Inovasi seringkali terkonsentrasi di wilayah geografis tertentu atau disebut “kluster kreatif”. Saat ini, orang mungkin akan menggambarkan Silicon Valley di AS sebagai wilayah metropolitan yang menghasilkan banyak sekali penemuan.
Namun Silicon Valley bukanlah klaster kreatif pertama dari jenisnya, seperti yang ditulis oleh dua ekonom Michel Serafinelli dan Guido Tabellini dalam kolom portal “VOX” yang diterbitkan oleh Pusat Penelitian Ekonomi dan Kebijakan beroperasi, tulis.
Antara abad ke-11 dan ke-19, Eropa adalah salah satu pelopor modernitas yang inovatif dengan banyak kota yang dinamis dan kreatif. Selalu ada wilayah metropolitan yang menjadi tempat lahirnya sejumlah besar talenta kreatif, yang penemuannya mempunyai pengaruh jangka panjang terhadap dunia.
Kota yang, khususnya pada awal abad ini, mewakili semacam “Lembah Silikon abad ke-19” dalam bidang biologi, kedokteran dan psikologi, adalah ibu kota Austria, Wina. Pada era yang dikenal sebagai “Modernisme Wina”, tokoh-tokoh besar berkarya di bidangnya, seperti psikoanalis Sigmund Freud, filsuf Karl Popper, ahli hukum Hans Kelsen, dan pelukis Gustav Klimt.
Masalah dengan pusat-pusat kreatif ini: Begitu cepat dan tidak terduga, mereka menghilang lagi.
Inilah bagaimana Silicon Valley di dunia tercipta
Ekonom Serafinelli dan Tabellini, yang di Universitas Bocconi dan Universitas Toronto melakukan penelitian dan dalam analisis mereka mencoba memahami bagaimana kelompok-kelompok tersebut muncul – dan bagaimana mereka runtuh lagi. Alih-alih menggunakan statistik paten, mereka menggunakan kepadatan selebriti artistik dan ilmiah sebagai indikator kreativitas di suatu tempat.

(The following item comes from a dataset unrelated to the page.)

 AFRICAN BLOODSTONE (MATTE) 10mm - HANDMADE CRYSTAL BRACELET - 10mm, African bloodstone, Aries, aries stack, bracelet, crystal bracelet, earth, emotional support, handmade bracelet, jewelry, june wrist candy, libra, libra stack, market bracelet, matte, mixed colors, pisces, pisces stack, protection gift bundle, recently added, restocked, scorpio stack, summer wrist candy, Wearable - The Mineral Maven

Untuk melakukan hal ini, mereka memasukkan tempat lahir dan tanggal lahir peneliti dan seniman terkenal antara abad ke-11 dan ke-19, bersama dengan data kota, ke dalam database. Kesimpulan para ekonom: Tempat lahir orang-orang kreatif seringkali berdekatan secara geografis dan sering ditemukan di dekat kota-kota besar. Akibatnya, pengetahuan yang terkonsentrasi menyatu hampir sejak lahir. Para ekonom juga menemukan bahwa tidak ada “konsentrasi” suatu disiplin ilmu tertentu di kota-kota, namun para genius menguasai banyak bidang.

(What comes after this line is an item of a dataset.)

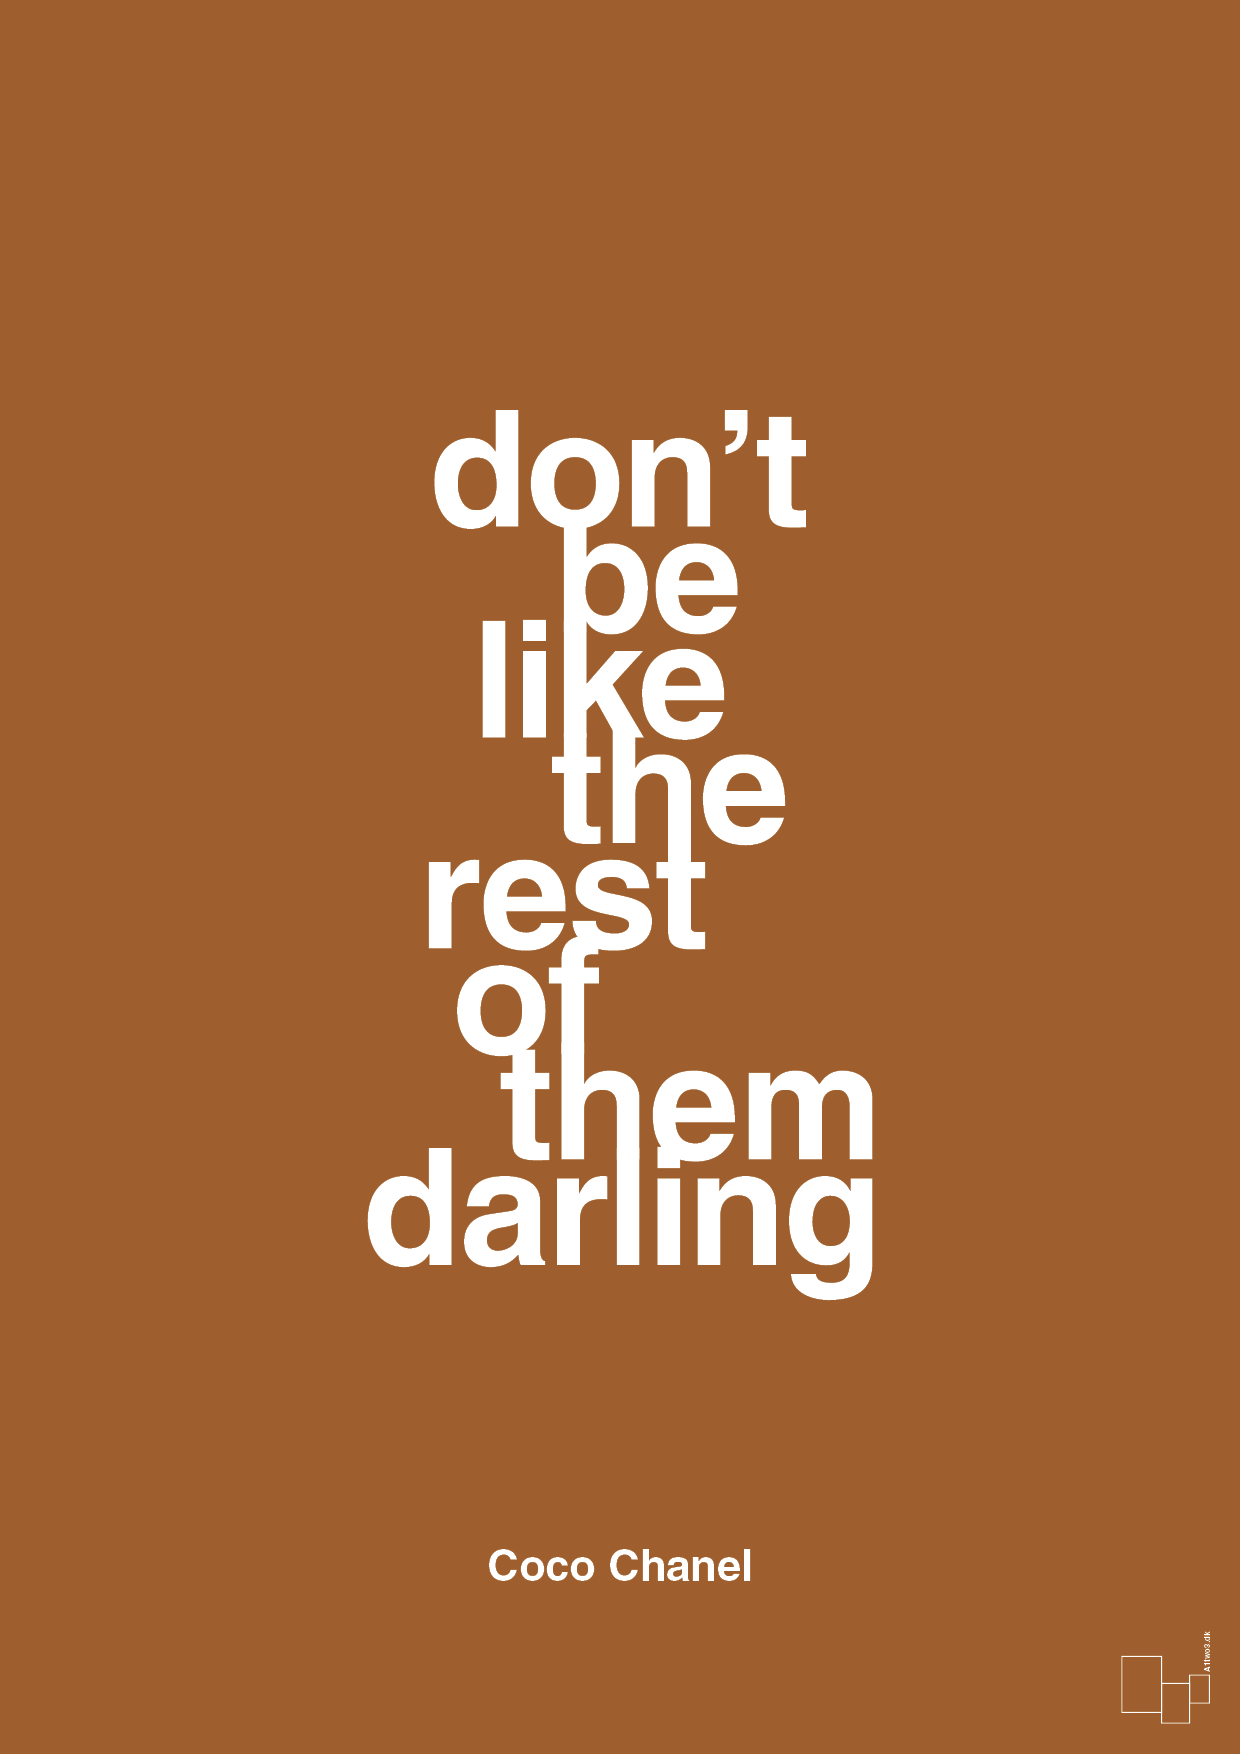 don’t be like the rest of them darling - Plakat med Citater i Cognac

Kreativitas dan kecerdikan di perkotaan juga bertahan dalam jangka waktu yang lebih lama, sehingga membentuk kelompok kreatif yang terus berkembang.
Silicon Valley berikutnya tidak akan menciptakan kekayaan
Penelitian tersebut juga menunjukkan bahwa pengelompokan kreatif tidak dipengaruhi oleh faktor kekayaan.

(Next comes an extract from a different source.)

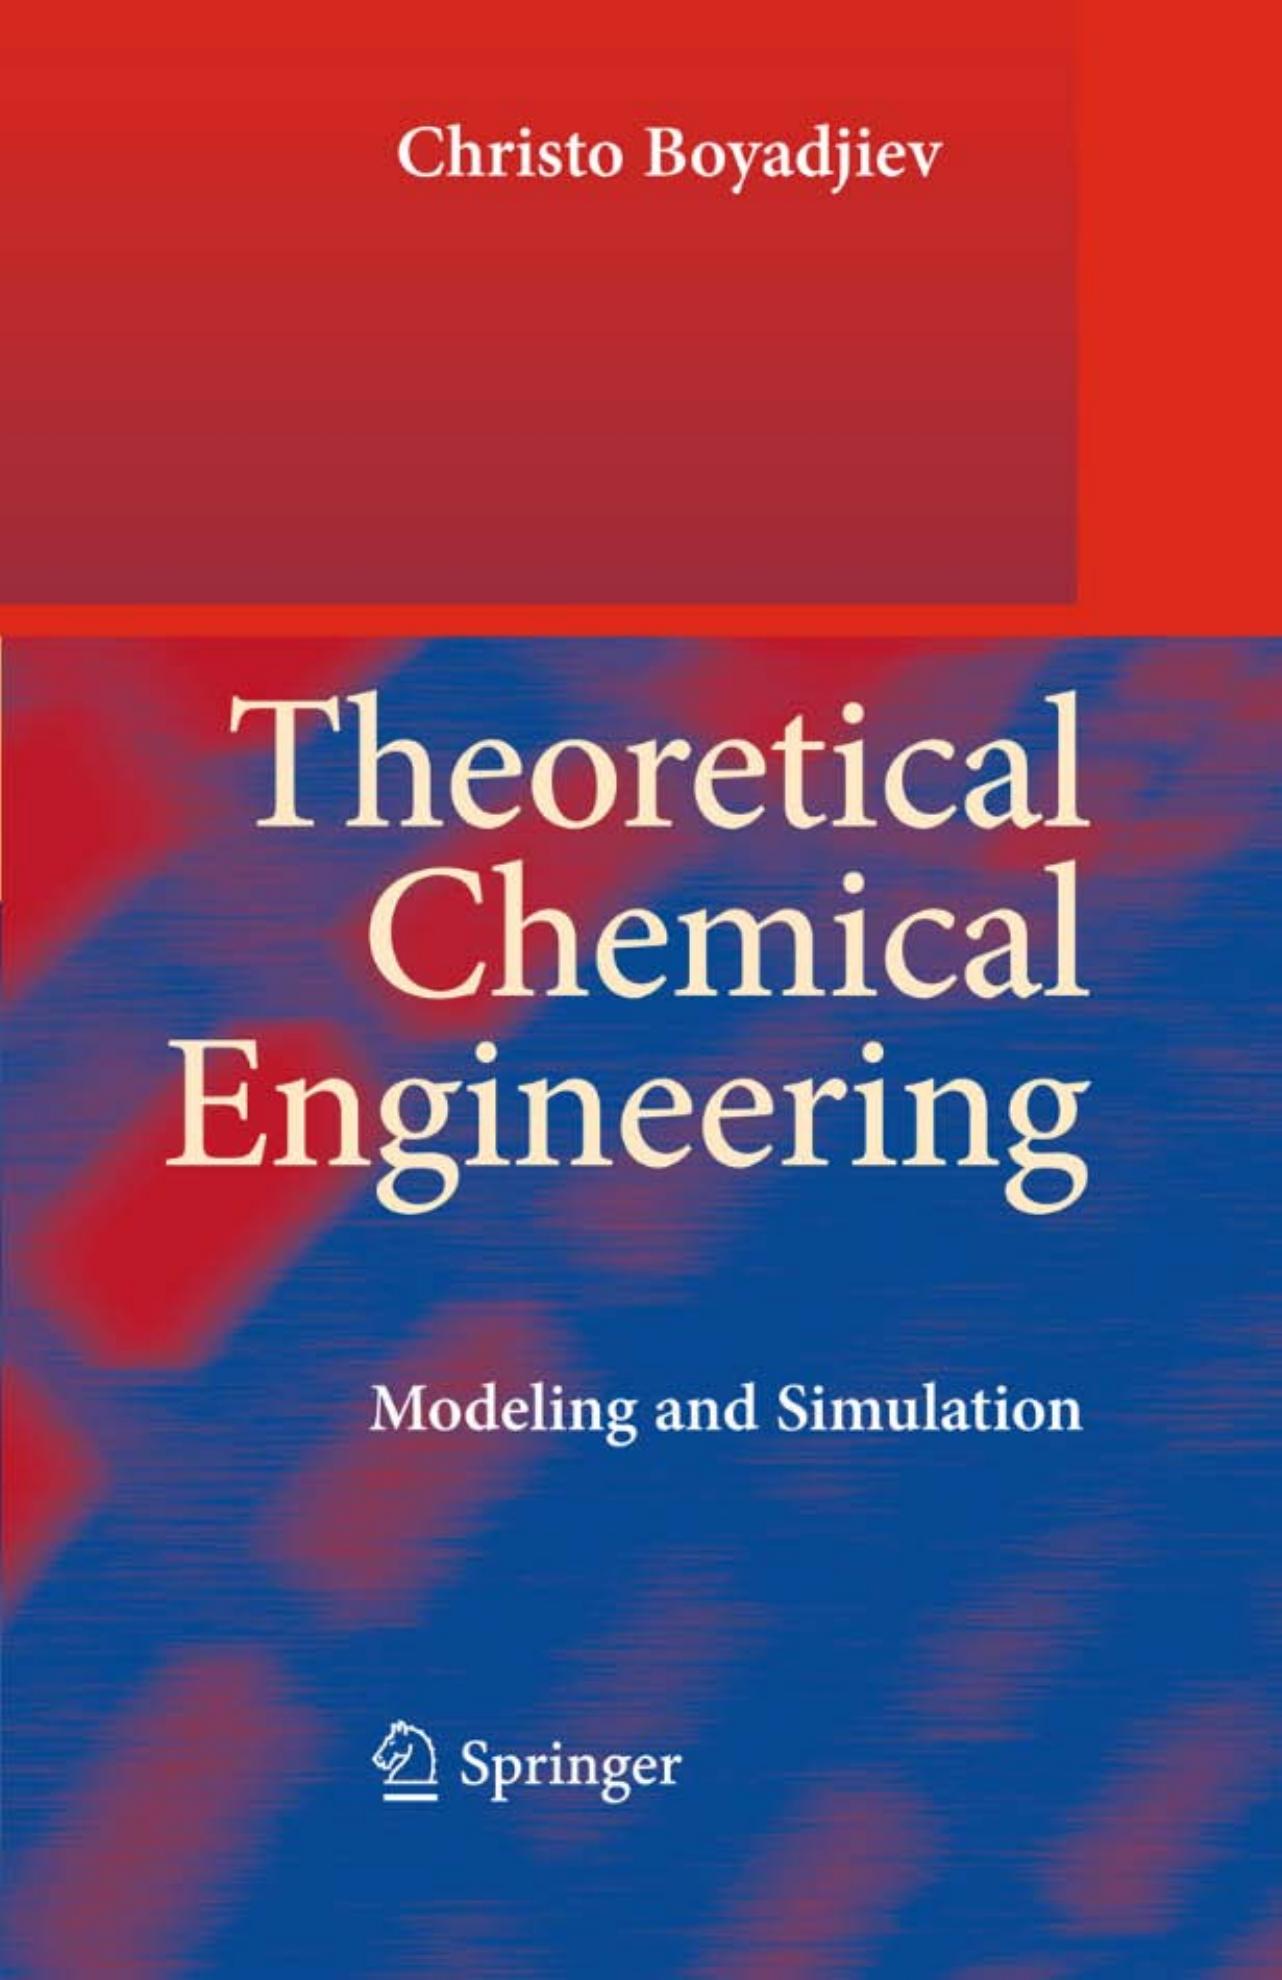 Theoretical Chemical Engineering: Modeling and Simulation

Sebaliknya, kondisi politik dan administratif memainkan peran utama. Kota-kota yang menjadi kotamadya menikmati otonomi dan melindungi kebebasan pribadi. Kebebasan ini menjadikan kota-kota sebagai tujuan wisata yang menarik, sehingga melipatgandakan masuknya orang-orang terkenal.
Misalnya, pada awal abad ini Wina adalah kota imigran dari negara multietnis Austria, dengan populasi hampir 50 juta jiwa, berbondong-bondong ke ibu kota. Ini juga menciptakan komunitas lokal.
Baca juga: Ini Alasan Bill Gates, Steve Wozniak, dan Petinggi Silicon Valley Lainnya Begitu Takut pada Trump
Budaya lokal berubah secara permanen dan insentif kreatif baru pun muncul. Kota-kota bebas seperti Wina juga menarik orang-orang berbakat yang ingin menghindari sensor dan penganiayaan. Kesimpulan para ekonom adalah bahwa lembaga yang terbuka dan demokratis mendorong inovasi dan kreativitas.
Dan tepat ketika budaya terbuka ini menghilang, semangat Silicon Valley menghilang dari Wina – lebih tepatnya dengan Perang Dunia Pertama dan berkembangnya anti-Semitisme.